No sense kicking this thriller for plot holes and lapses in logic when the action, suspense and flirty sex come at such a lively clip. Shia LaBeouf, a gifted young actor still in search of that breakthrough role, is a winning combo of smart and smartass as Kale, a suburban teen under house arrest for having clocked his Spanish teacher. The dude was way too condescending about the trauma Kale suffered a year ago when his dad died.

Housebound Kale is bristling from the first day of his three-month confinement. In Hitchcock's Rear Window, a broken leg kept Jimmy Stewart's character at home in New York, ing at his neighbors through a telescope. Disturbia is not in the same league as that 1954 classic. But co-writer Carl Ellsworth, who scripted the nifty jet-bound thriller Red Eye, deftly updates the plot, and director D.J. Caruso (The Salton Sea) milks claustrophobia and voyeurism for maximum tension. The bracelet on Kale's ankle will bring the cops the minute he steps outside his yard, and his mom (Carrie-Anne Moss) fears he's headed for deep trouble.

Of course he is, otherwise there'd be no movie.

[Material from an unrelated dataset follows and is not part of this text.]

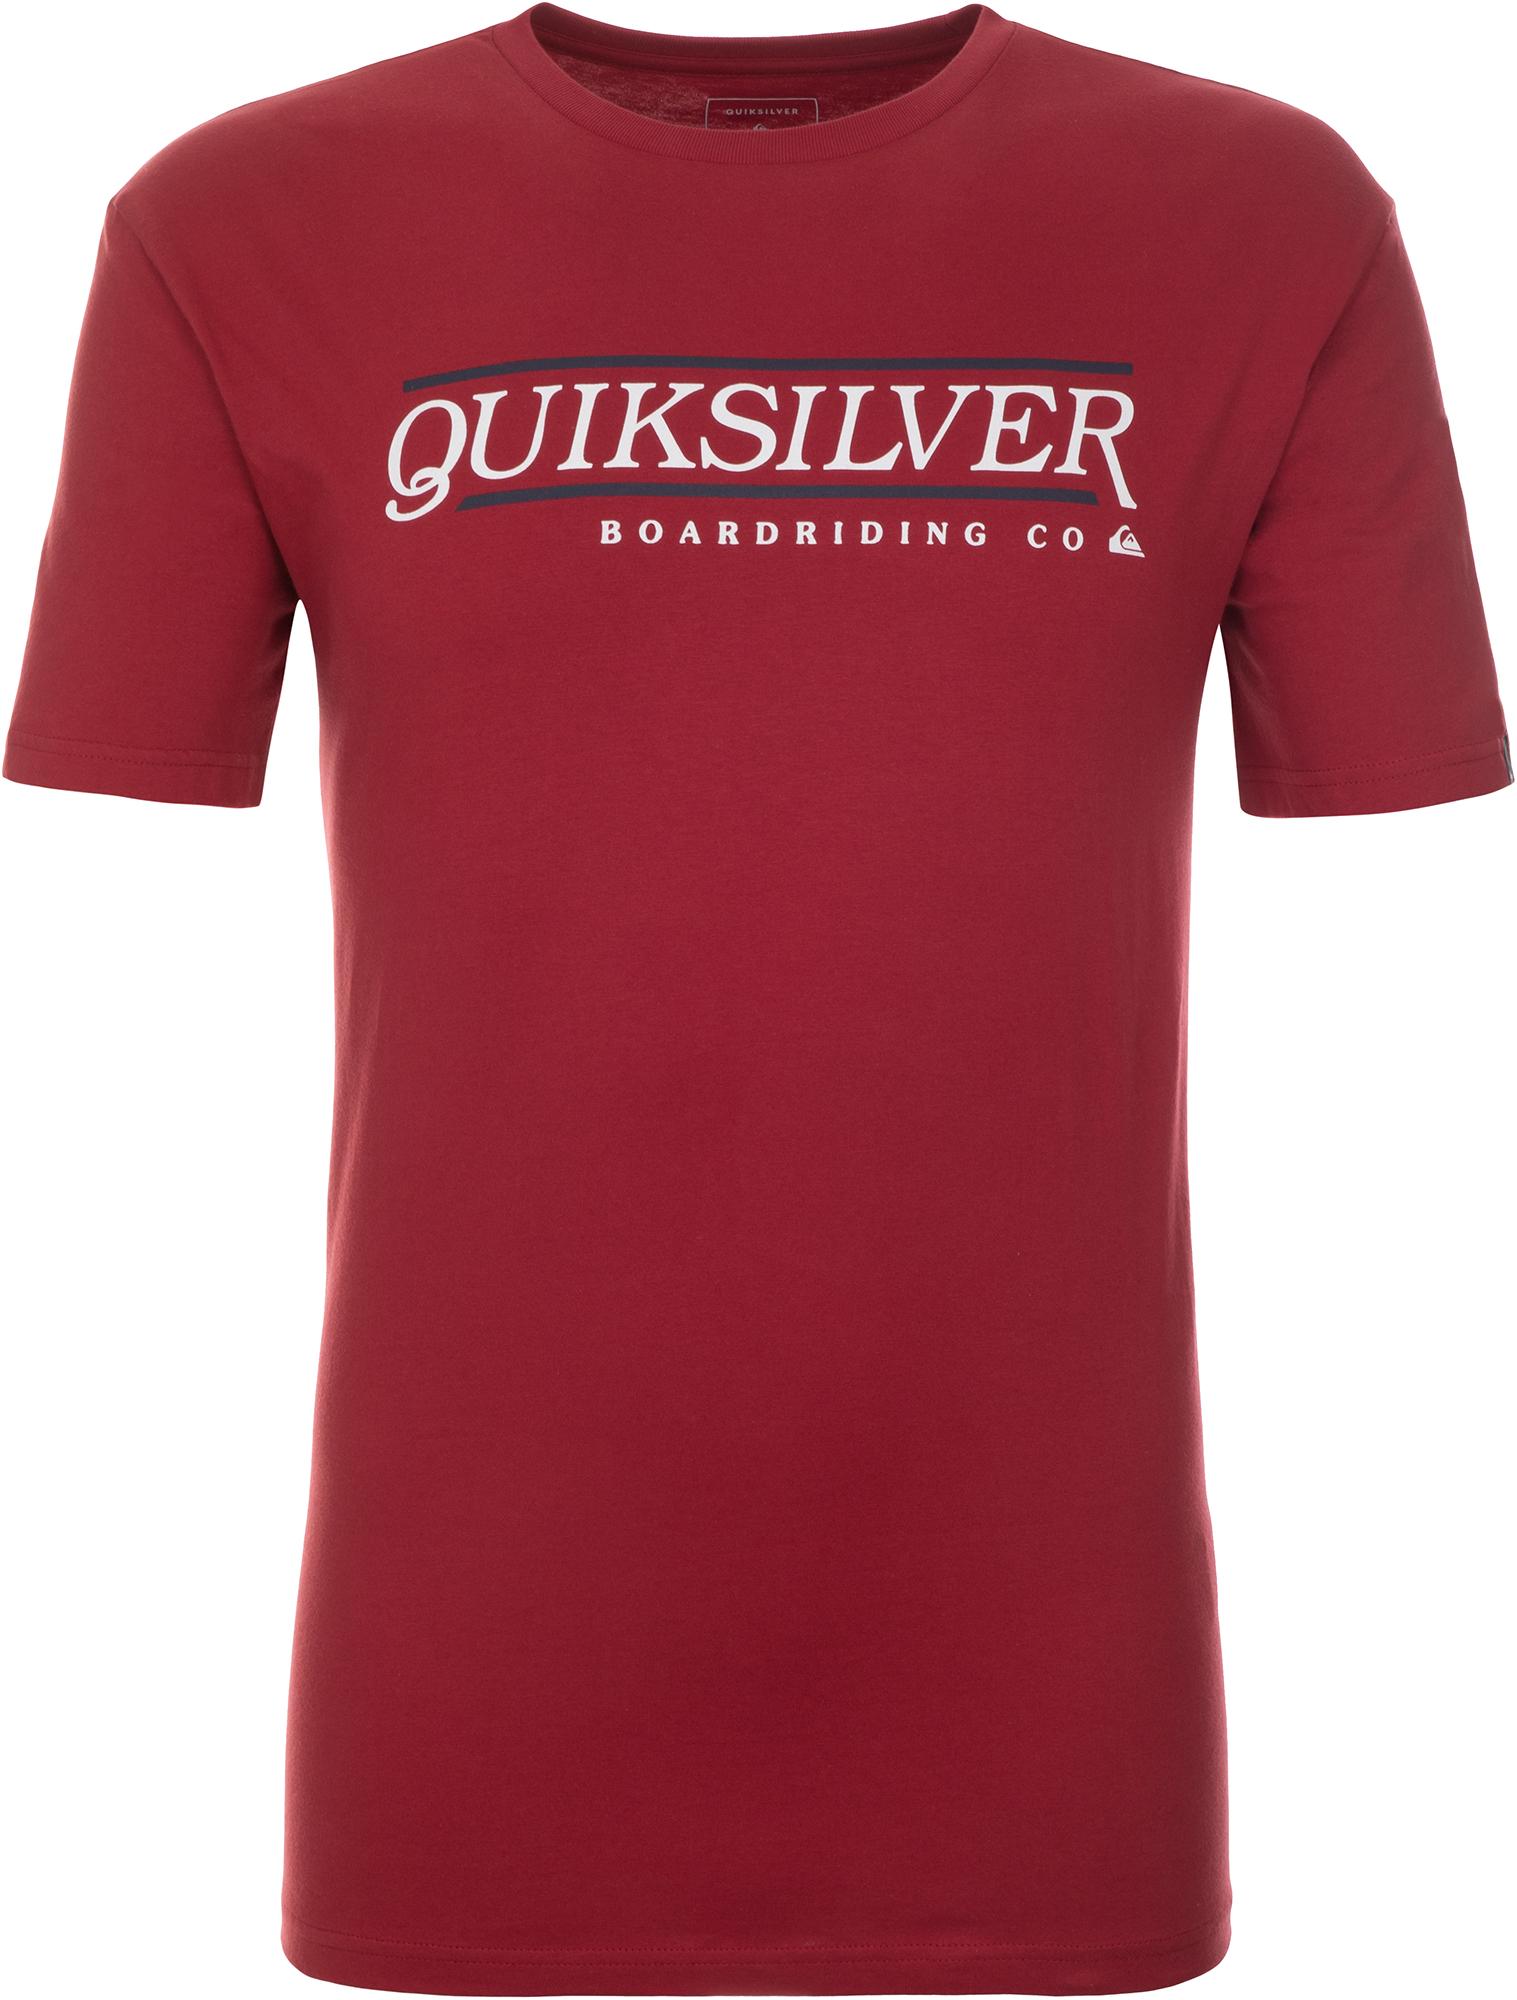 футболка мужская quiksilver цвет серый eqyzt04286 ktah размер l 50 52 Quiksilver Футболка мужская Quiksilver, размер 46-48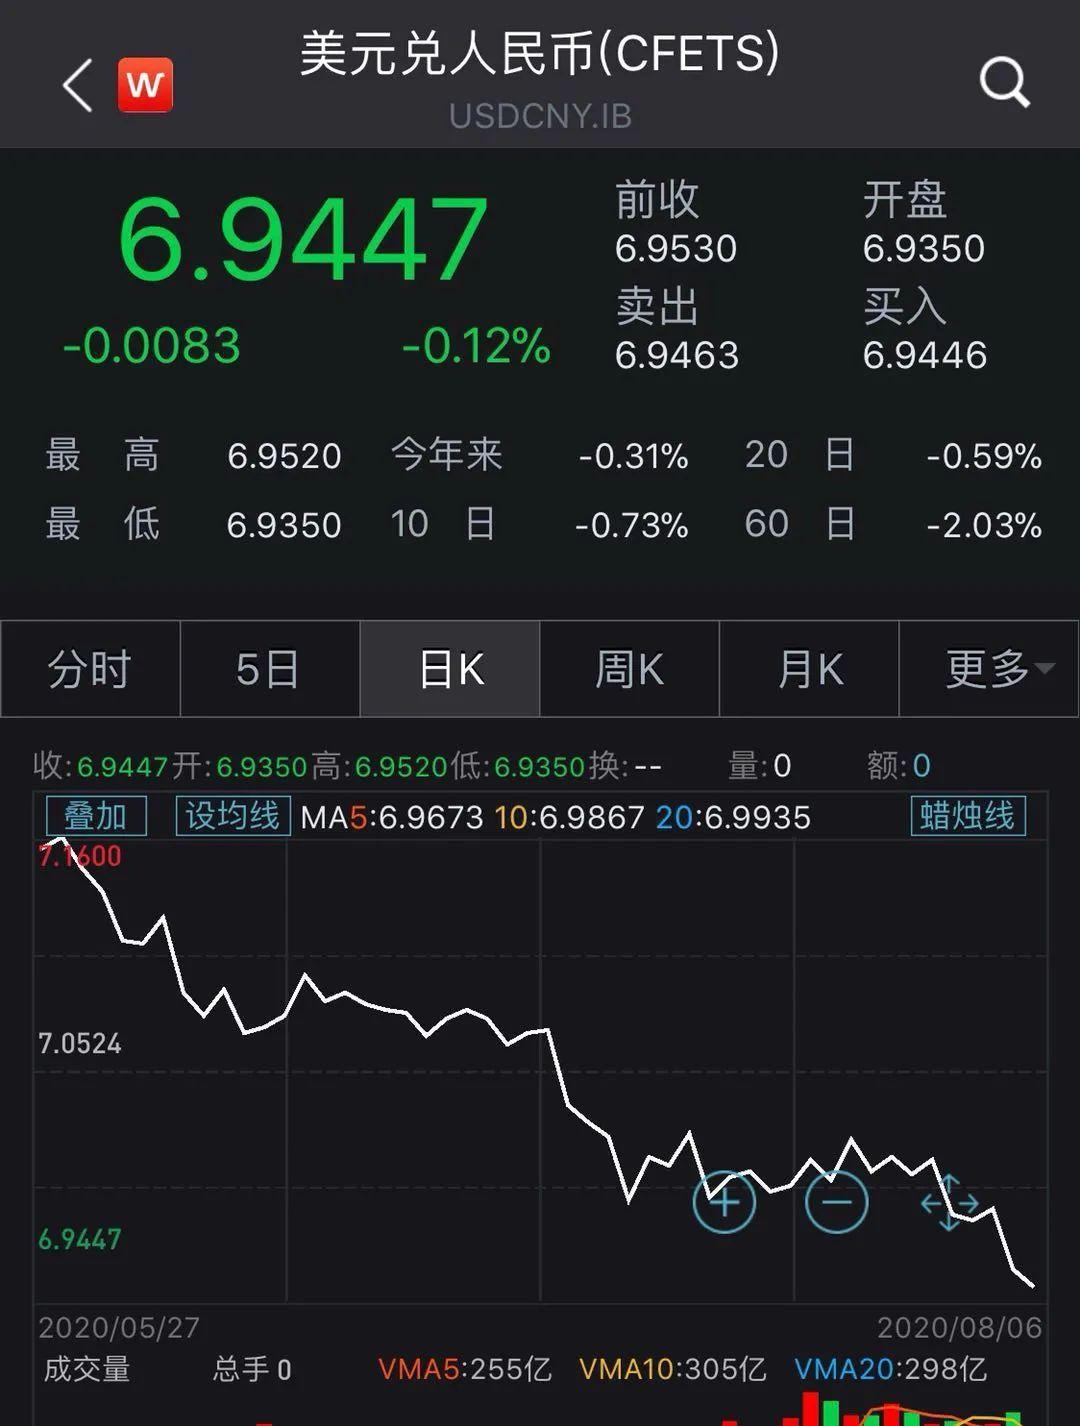 """人民币对美元又涨了,真是""""内贬外升""""?关键还在美元指数猛回调,流动盛宴利好新兴市场"""

LaBeouf excels, as does Aaron Yoo as his horny friend and Sarah Roemer as the bikini babe who conveniently decorates the pool next door. But Kale's focus, and ours, is on the neighbor who just might be chopping up the ladies he brings home to play. The ever-superb David Morse plays him with seductive charm and cunning. And one scene, involving cell phones and a digicam, is a nail-biter for the YouTube crowd. Cool stuff. Cool movie.